子供たちはやはりお人形のようにかわいく、女性たちも特有のかわいらしさをしていた。
葵衣が見たら興奮しながら抱っこしなでなでし頬ずりしていただろう。
「まあ頼まれても武器がないからな」
「頼みたいというのは他でもない。定期的にやってくる人間の行商人が顔を出さないのだ。ここから二日の距離にあるグルノアという街に住むザルバという商人を訪ねてもらえんだろうか?」
そういうことか、なら人間の俺に頼むほうがてっとり早いだろうな。それに人が住む街の情報が手に入ったのはでかい。

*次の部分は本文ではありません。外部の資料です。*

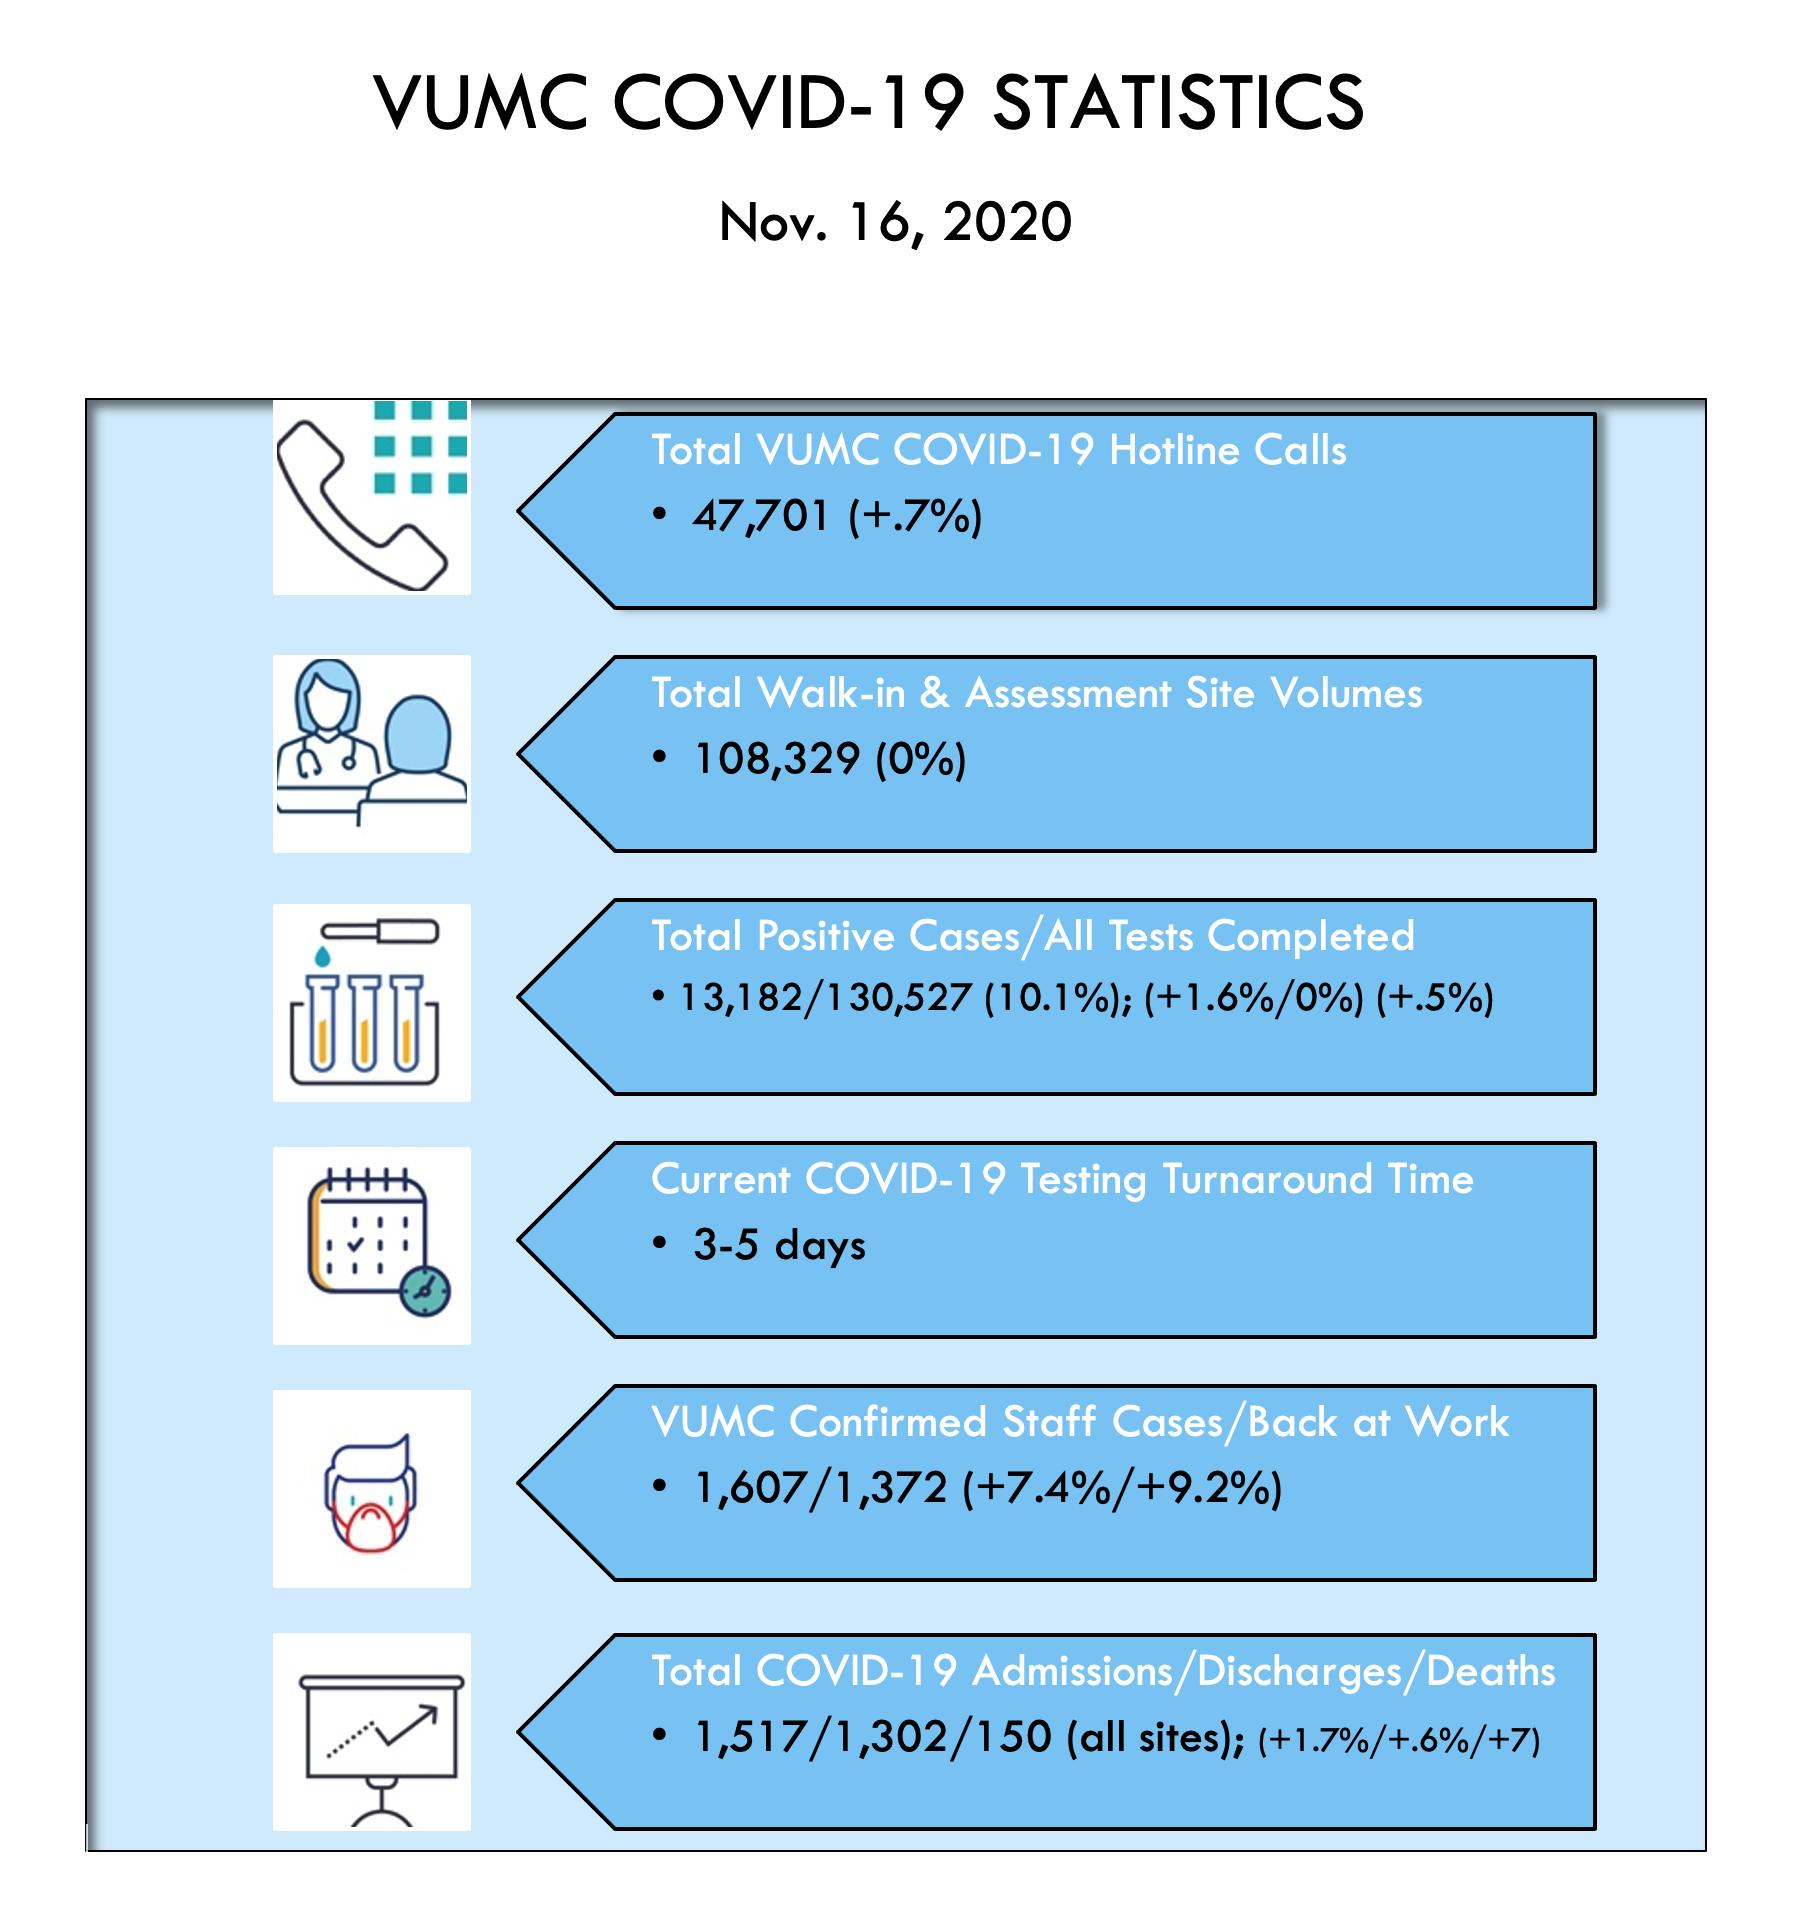 VUMC Covid Stats

「ここの特産品と必要物資を物々交換って感じなのか?」
「そんなところじゃ。薬をいくつか手に入れたいところなのだがもう予定より一週間以上遅れているのが気になってな、途中で行き倒れていたりすれば大ごとじゃ」
考えてみると彼らなりに俺を利用できると思ってくれたんだろう。
これは善意より遥かに信用できる理由だ。
そして街の場所も知ることができるなら、俺にとって渡りに船。しかもあの縁結びのお守りが熱くなっているのがその証拠とも言える。
「分かった。その依頼受けよう」
「よし、ならば腹ごしらえをしておけ。村一番の漁師タルポが仕留めた四つ目うさぎの肉じゃ」
よ、四ツ目のうさぎって怖すぎだろ。
良く焼けた肉の匂いが食欲を刺激し、口にしたとたん彼らにしてみればかなりの量を俺に分けてくれていることに気付きなんだか申し訳ない気持ちが芽生えてくる。
ガリバーなどは同じ気持ちだったのだろうか?
出発は明日の早朝、案内人がグルノアという街まで続く街道まで送ってくれるらしい。
そこで商人ザルバを訪ねて事情を聴き、街の外で待機する彼らに連絡するところまでが依頼内容とのこと。
力で劣る彼らのことだ、慎重になるのは本能のようなものなのだろう。
ノーム族の薬のおかげで大分体が楽になっている。日頃の鍛錬の成果もあるのかもだが、たびたび猫のようにちょろっと現れては様子を見て去って居く様が何かとかわいらしい。